I used the following parameters to instantiate LLMLingua's PromptCompressor
object and to call its compress_prompt
function. These are the same parameters that were shown in the Quick Start. It is possible I may have gotten different / better results if I had experimented a bit with the parameters.
1 2 3 4 5 6 7 8 9 | from llmlingua import PromptCompressor compressor = PromptCompressor(model_name=model_name, use_llmlingua2=True) compressed = compressor.compress_prompt(contexts, instruction=instruction, question=query, target_token=500, condition_compare=True, condition_in_question="after", rank_method="longllmlingua", use_sentence_level_filter=False, context_budget="+100", dynamic_context_compression_ratio=0.4, reorder_context="sort") compressed_context = compressed["compressed_prompt"] |
A few observations about the compressed context. The number of context documents changes before and after compression. In my case, all input contexts had 10 chunks, and the output would vary between 3-5 chunks, which probably leads to the elimination of Lost in the Middle side-effects as claimed in LLMLingua's documentation. Also, the resulting context chunks are shorter and seems to be a string of keywords rather than coherent sentences, basically unintelligible to human readers, but intelligible to the LLM.

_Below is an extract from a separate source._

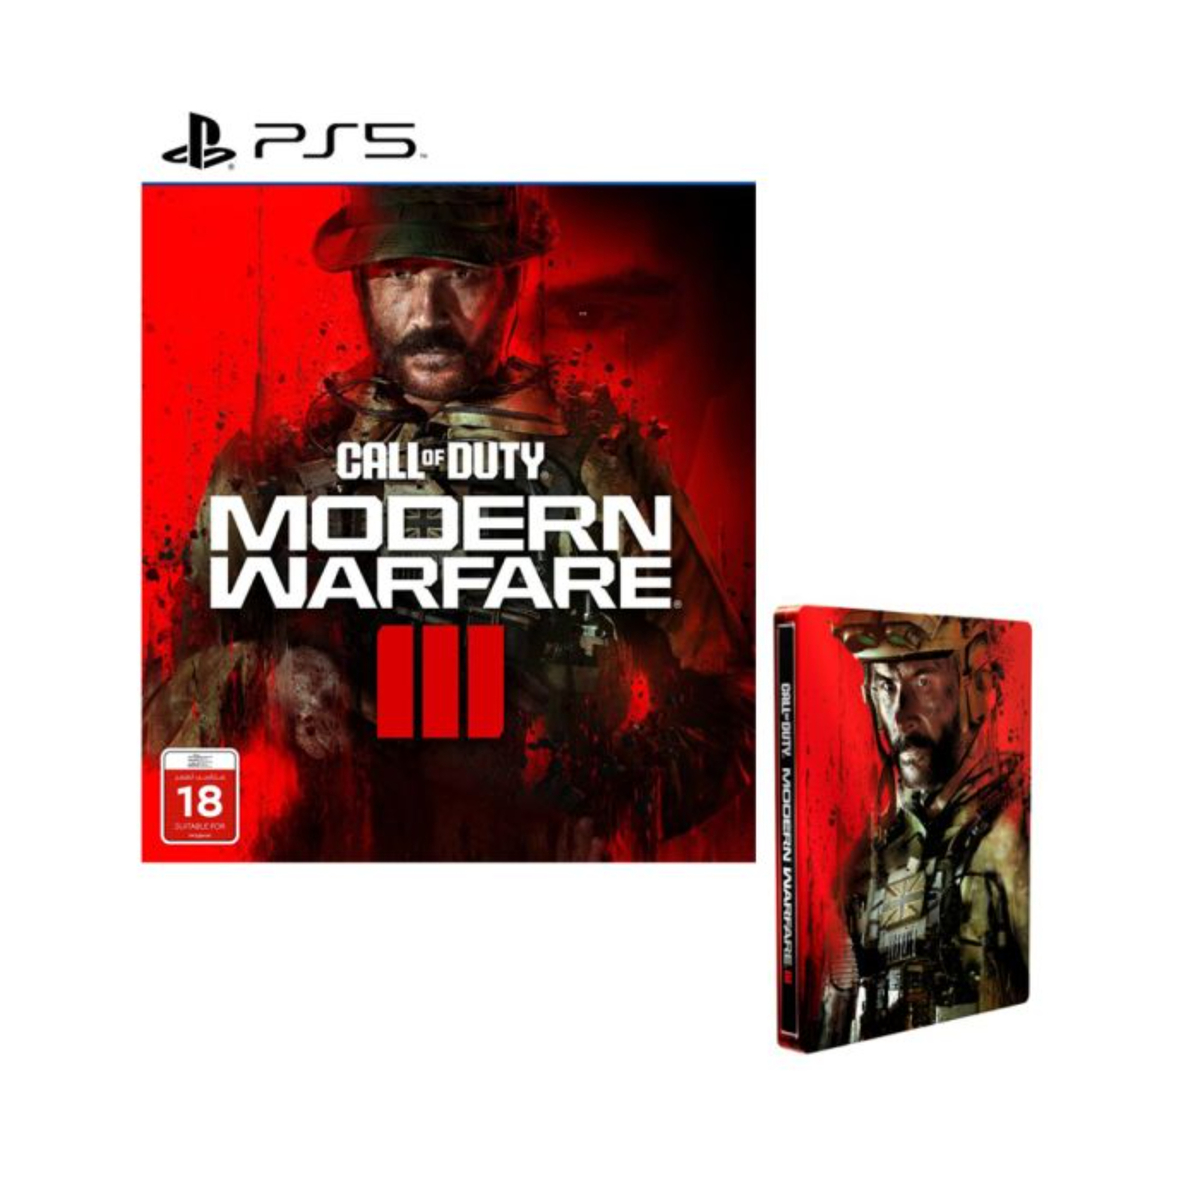 Call of Duty: Modern Warfare III & Steelbook PS5 Online at Best Price, Titles

Overall, Prompt Compression seems like an interesting and very powerful technique which can result in savings in time and money if used judiciously. Their paper shows very impressive results on some standard benchmark datasets with supervised learning style metrics using a variety of compression ratios. I used Answer Relevance because it can be computed without needing domain experts to grade additional answers. But it is likely that I am missing some important optimization, so I am curious if any of you have tried it, and if your results are different from mine. If so, would appreciate any pointers to things you think I might be missing.